DATA |
# # # # # # #
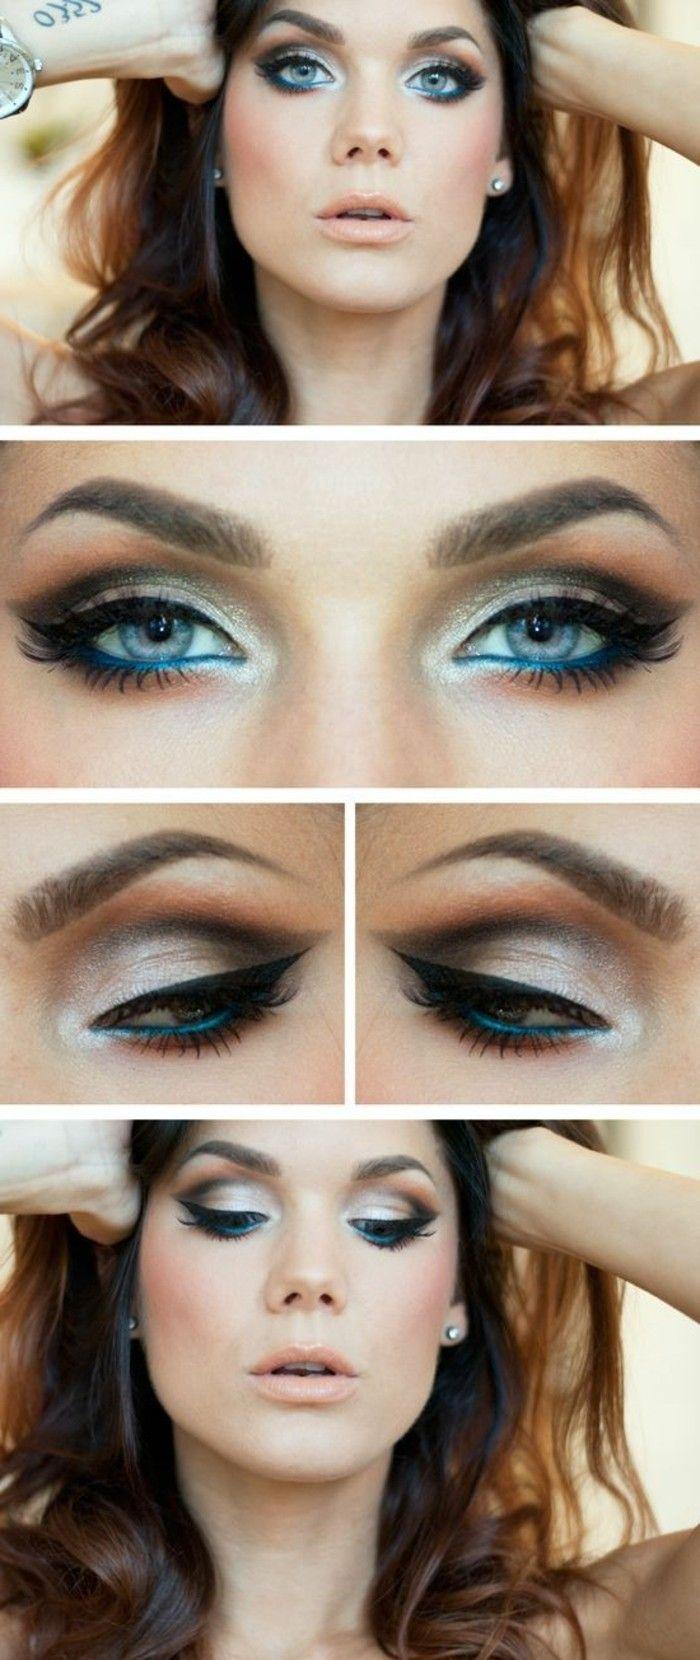 comment maquiller les yeux bleus le maquillage des stars maquillage makeup eye makeup et. Black Bedroom Furniture Sets. Home Design Ideas
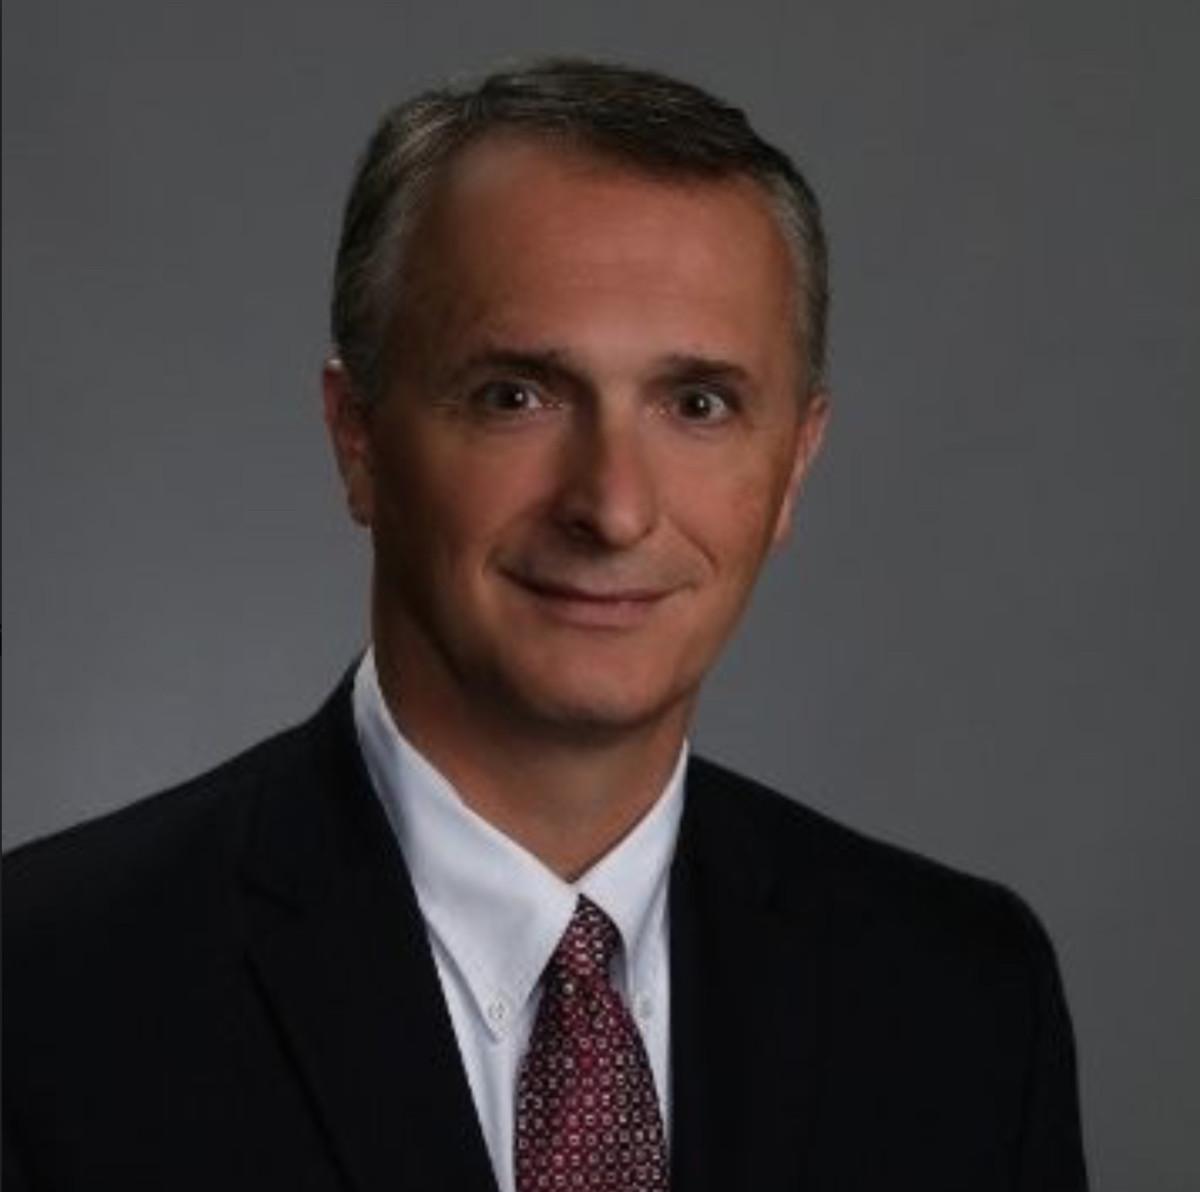 Brian Frey will serve as Brunswick's treasurer.
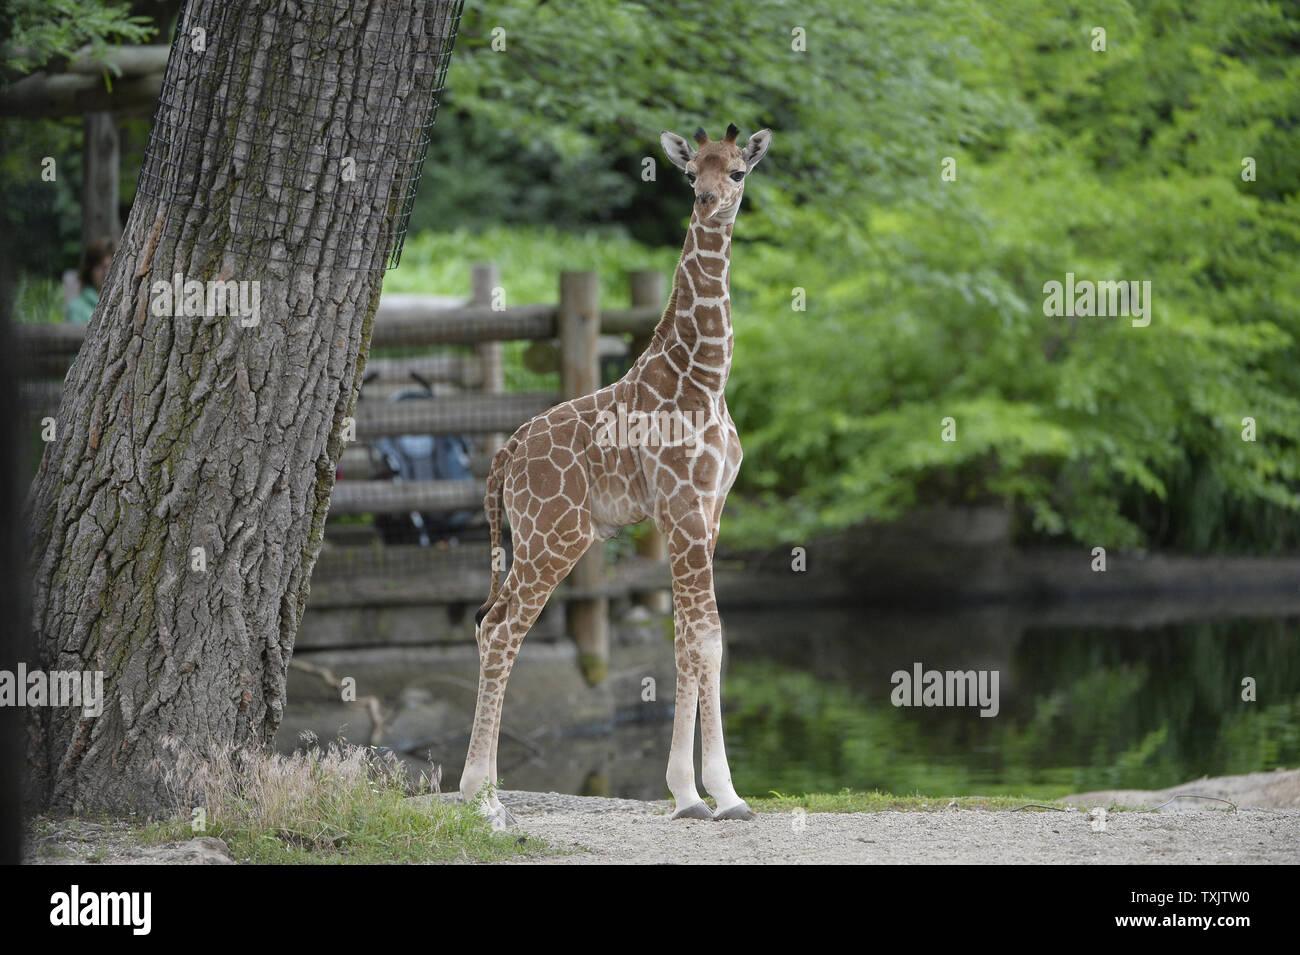 An 11 Day Old Giraffe Calf Explores His Habitat At The Brookfield
# # # # # # #
WHAT THE TASK REQUIRES | The data above should be repeated exactly, minus any pictures.

SOLUTION BELOW |
 comment maquiller les yeux bleus le maquillage des stars maquillage makeup eye makeup et. Black Bedroom Furniture Sets. Home Design Ideas
 Brian Frey will serve as Brunswick's treasurer.
 An 11 Day Old Giraffe Calf Explores His Habitat At The Brookfield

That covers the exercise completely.